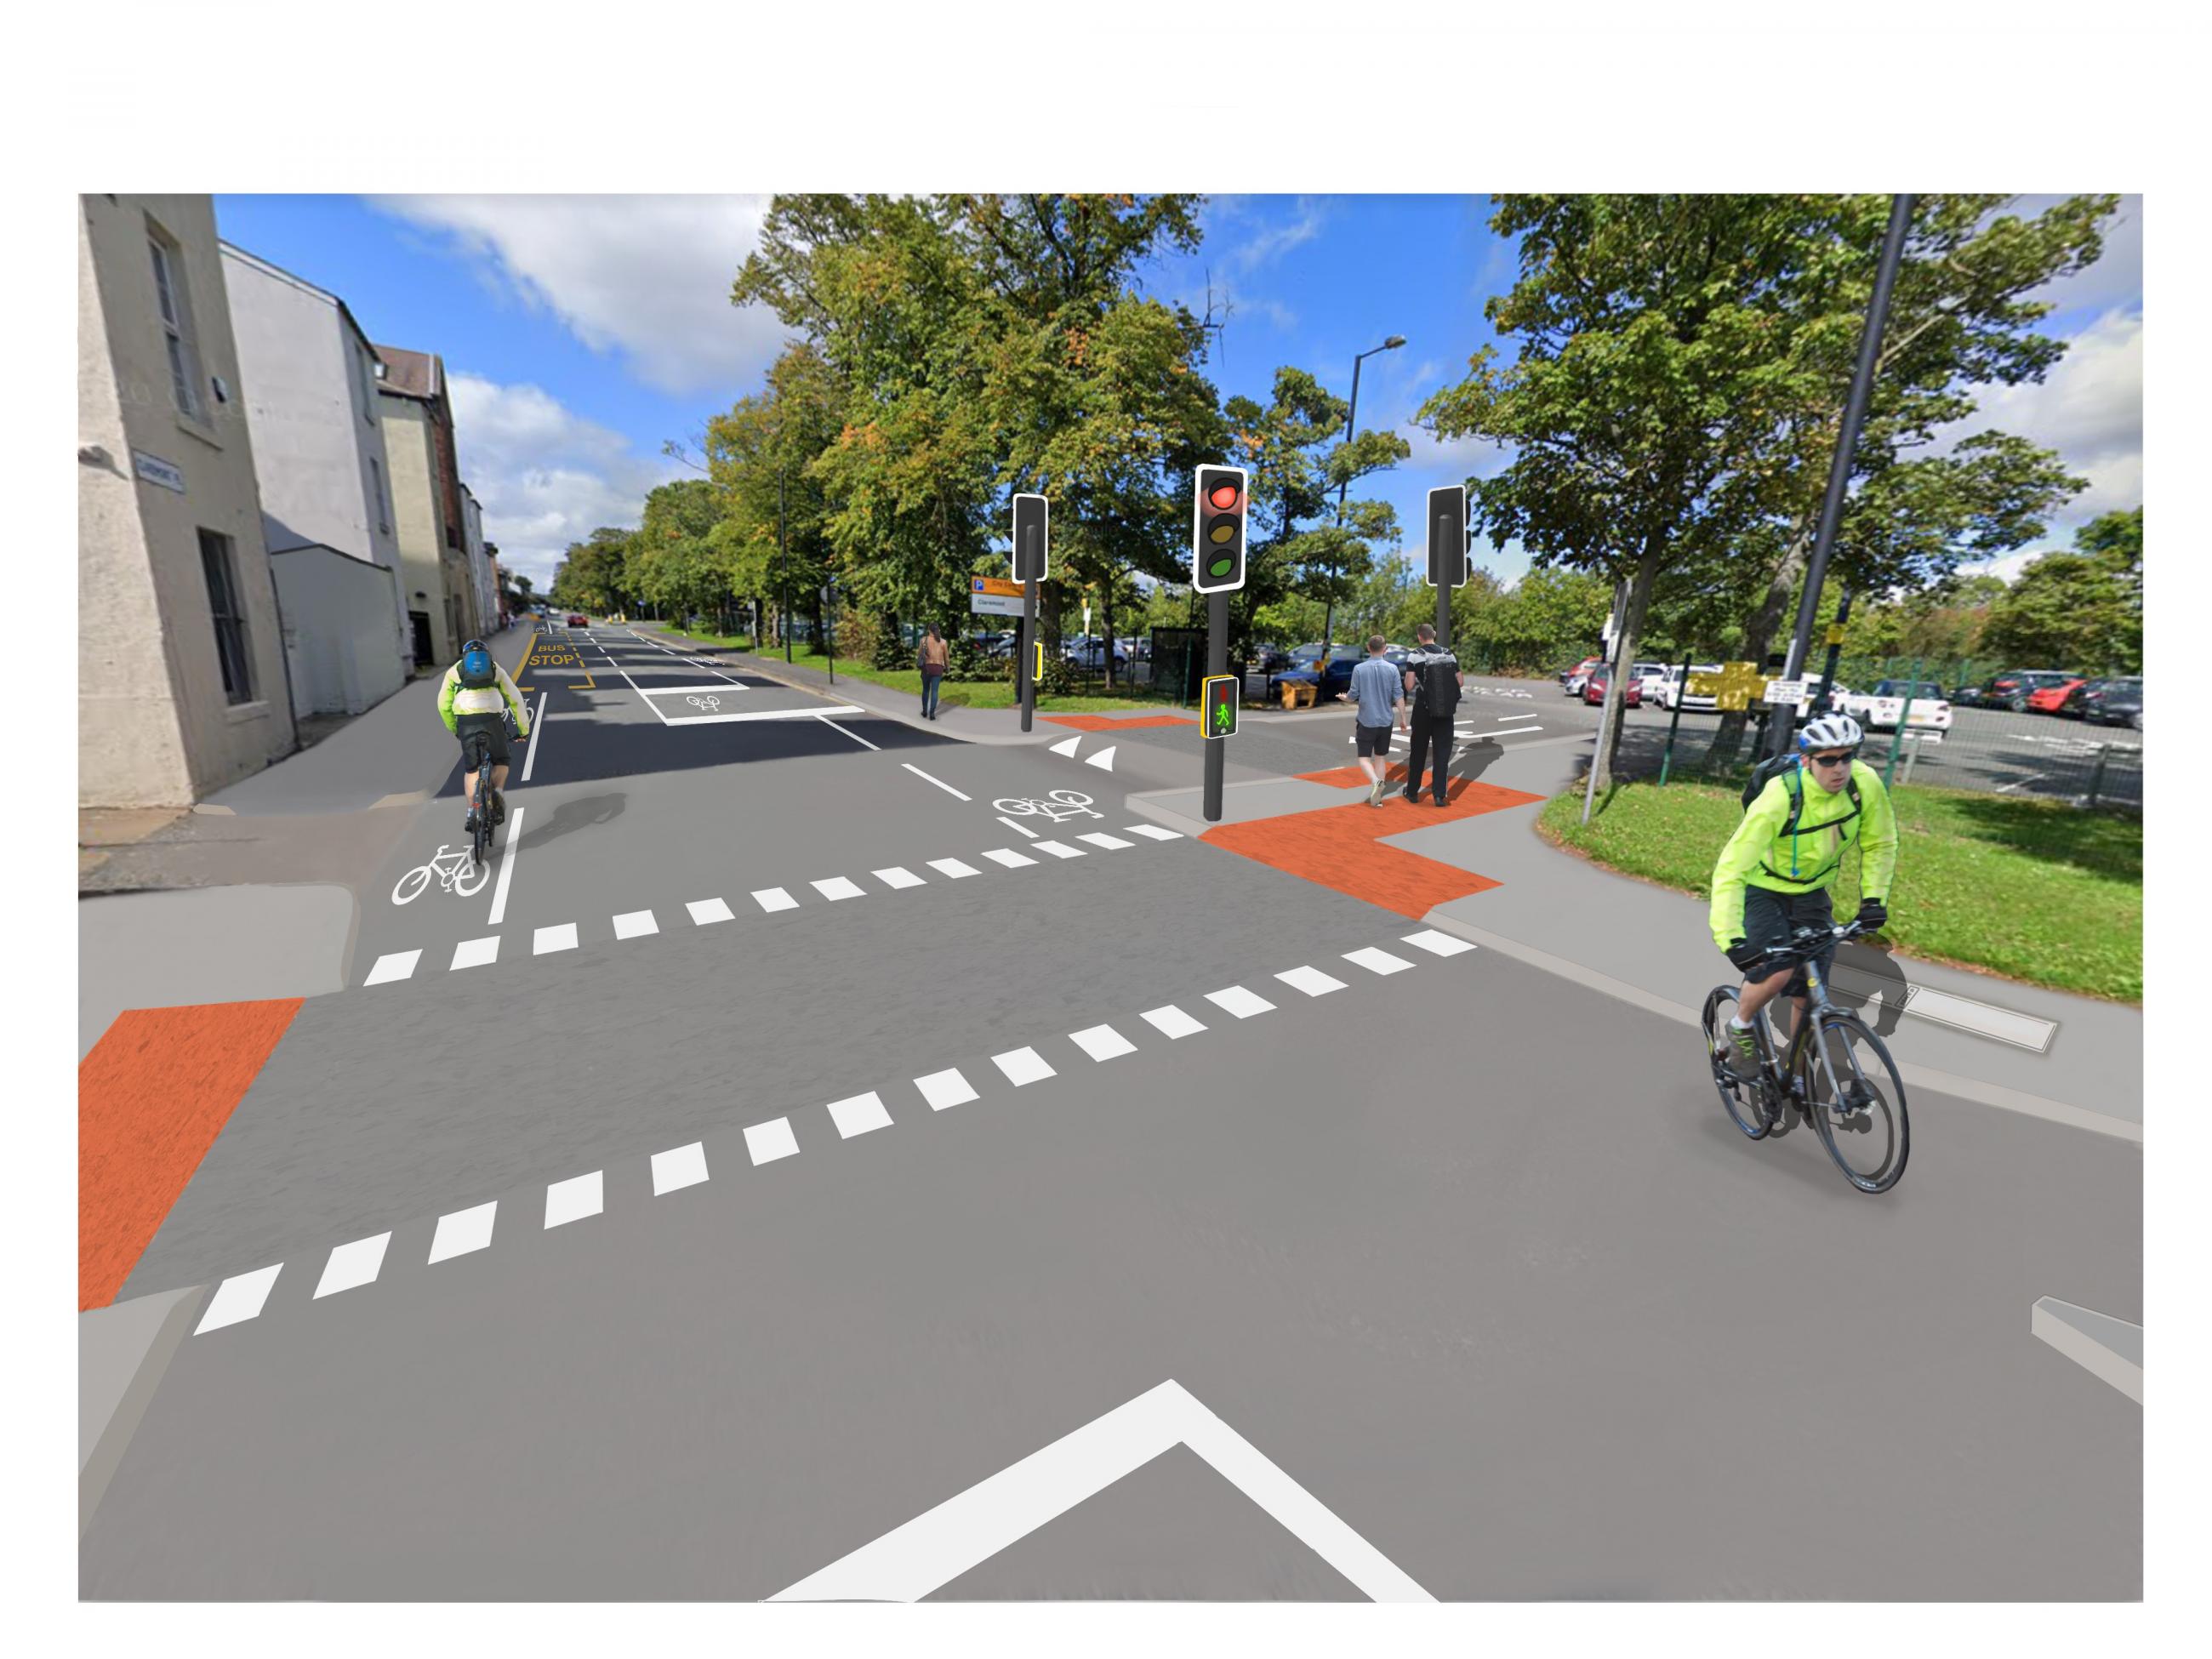 An image of a city street showing how it would  look with new cycle lanes and pedestrian crossing facilities.
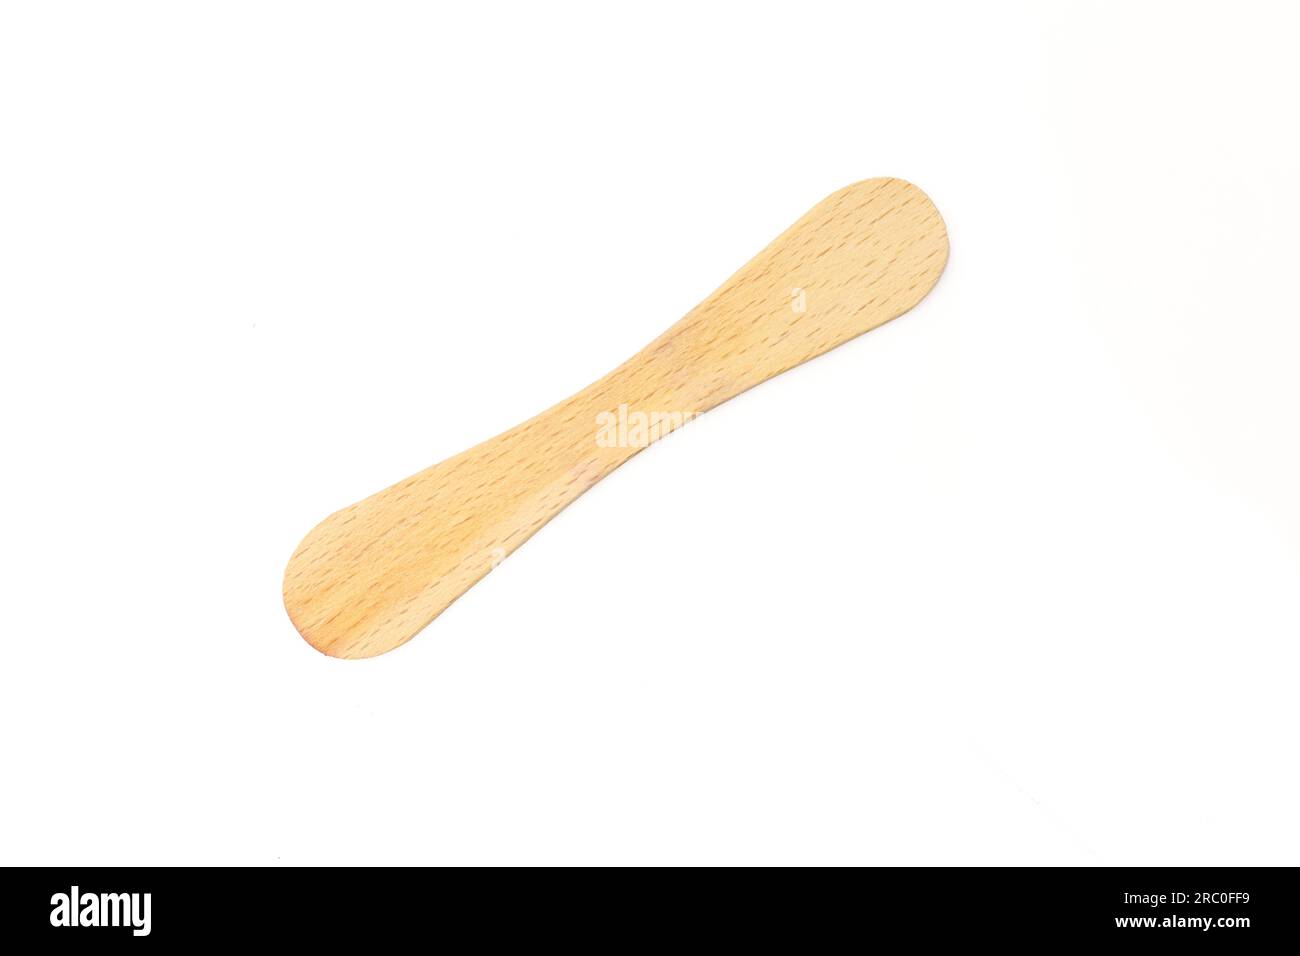 Wooden ice cream lolly stick isolated on white background Stock Photo
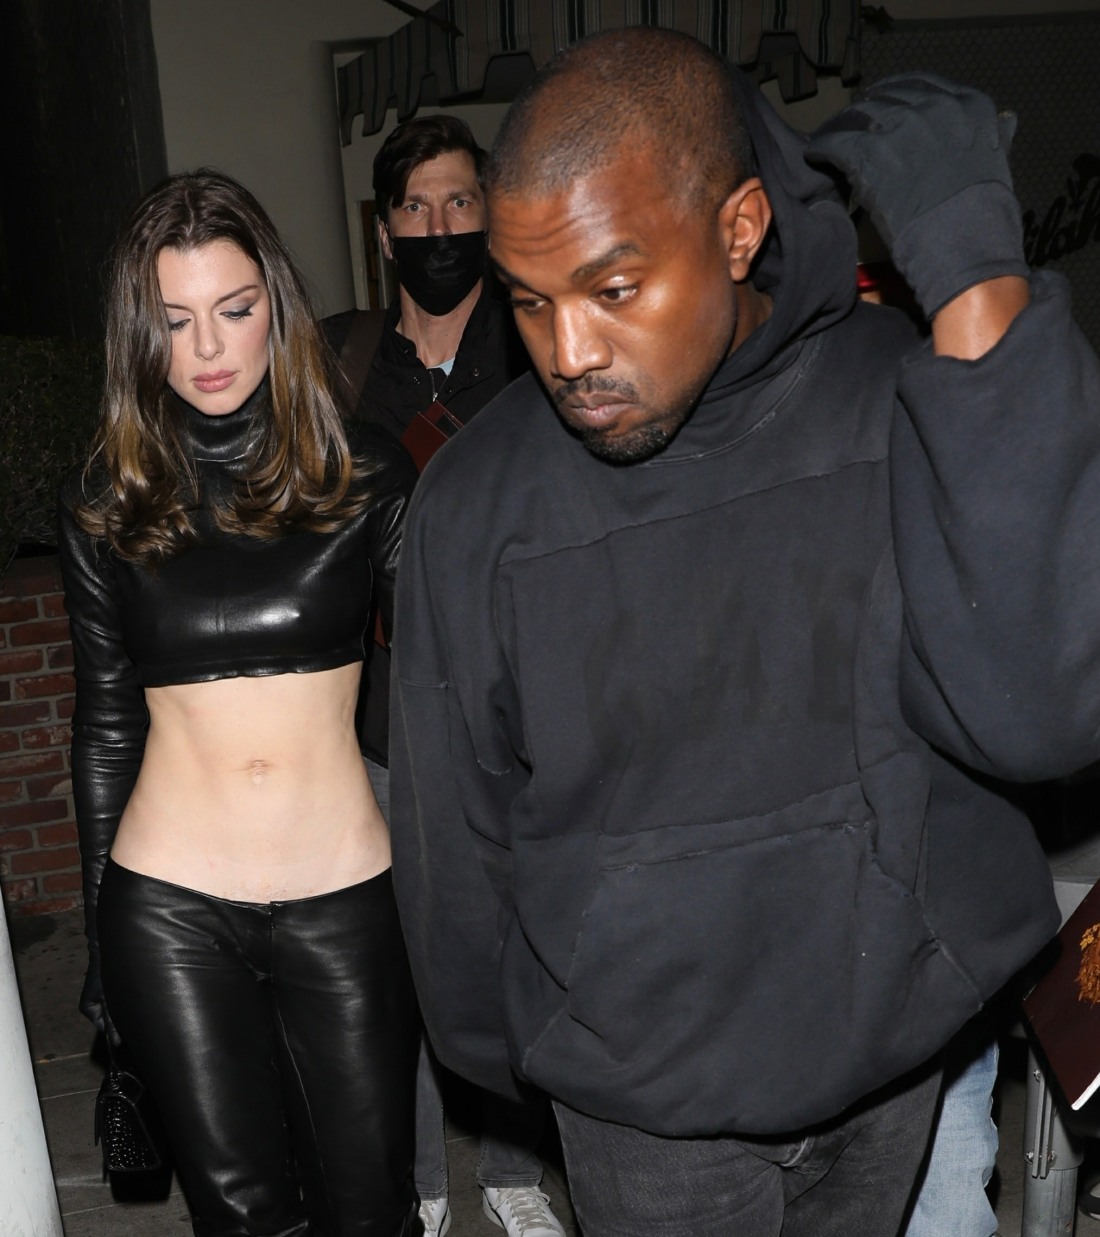 The man accusing Kanye West of assault is seen following behind him as the singer left Delilah with Julia Fox
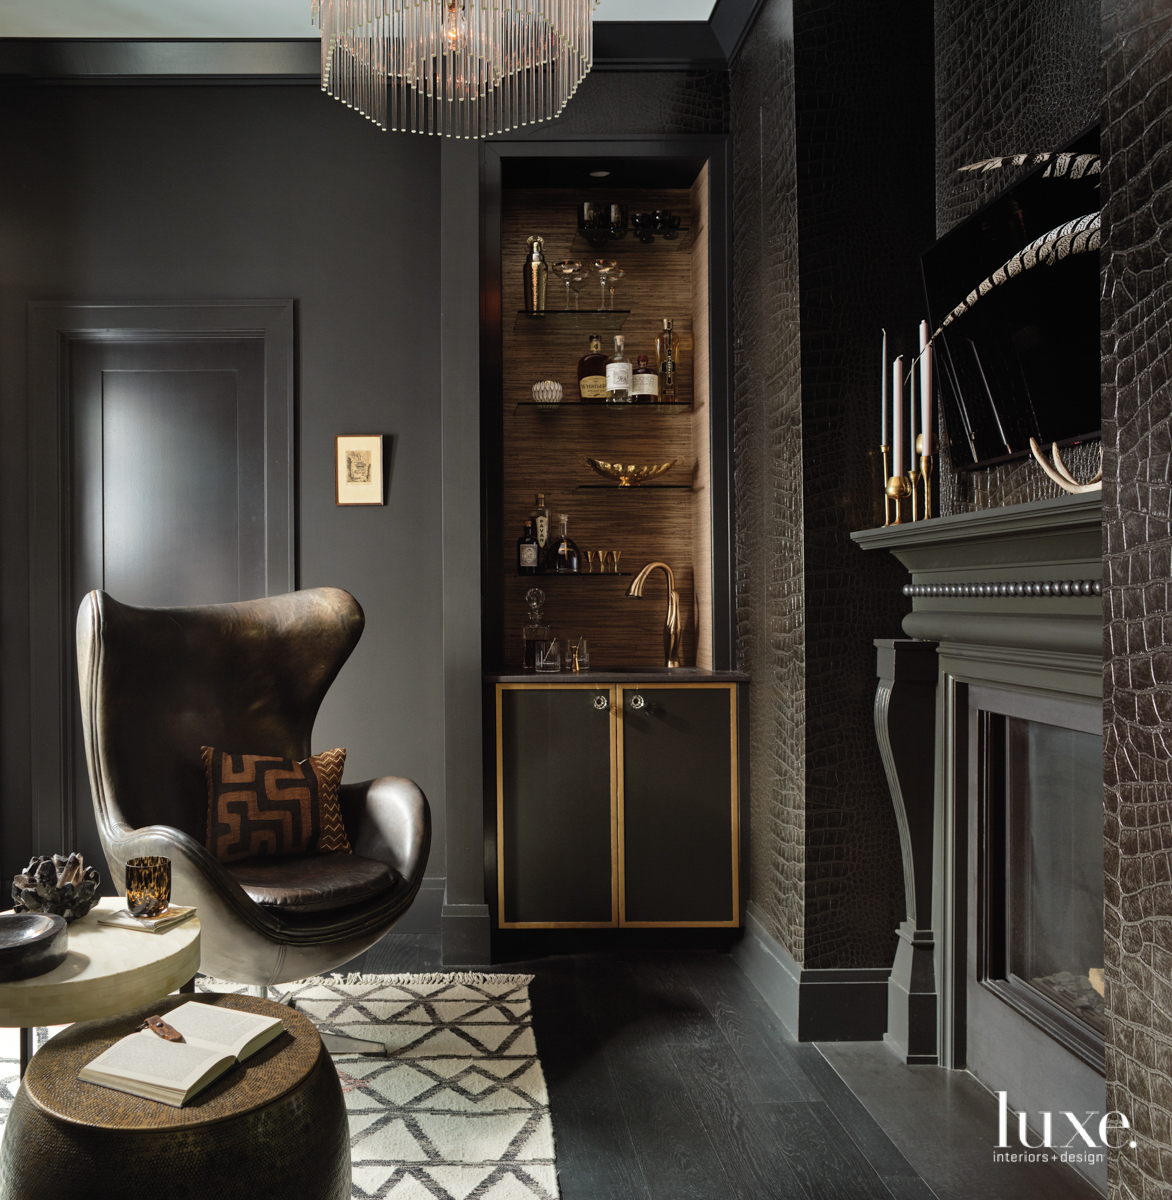 Deep Tones And Moody Wallpaper Add Drama To A Renovated Oregon Bungalow -  Image 3 - Luxe Interiors + Design
:::
■ **What to work on**: From the line that contains "The man accusing" to the end of the material above, output every line exactly, both ends included, but leave out any pictures.

■ **Reply**:
 The man accusing Kanye West of assault is seen following behind him as the singer left Delilah with Julia Fox
 Deep Tones And Moody Wallpaper Add Drama To A Renovated Oregon Bungalow -  Image 3 - Luxe Interiors + Design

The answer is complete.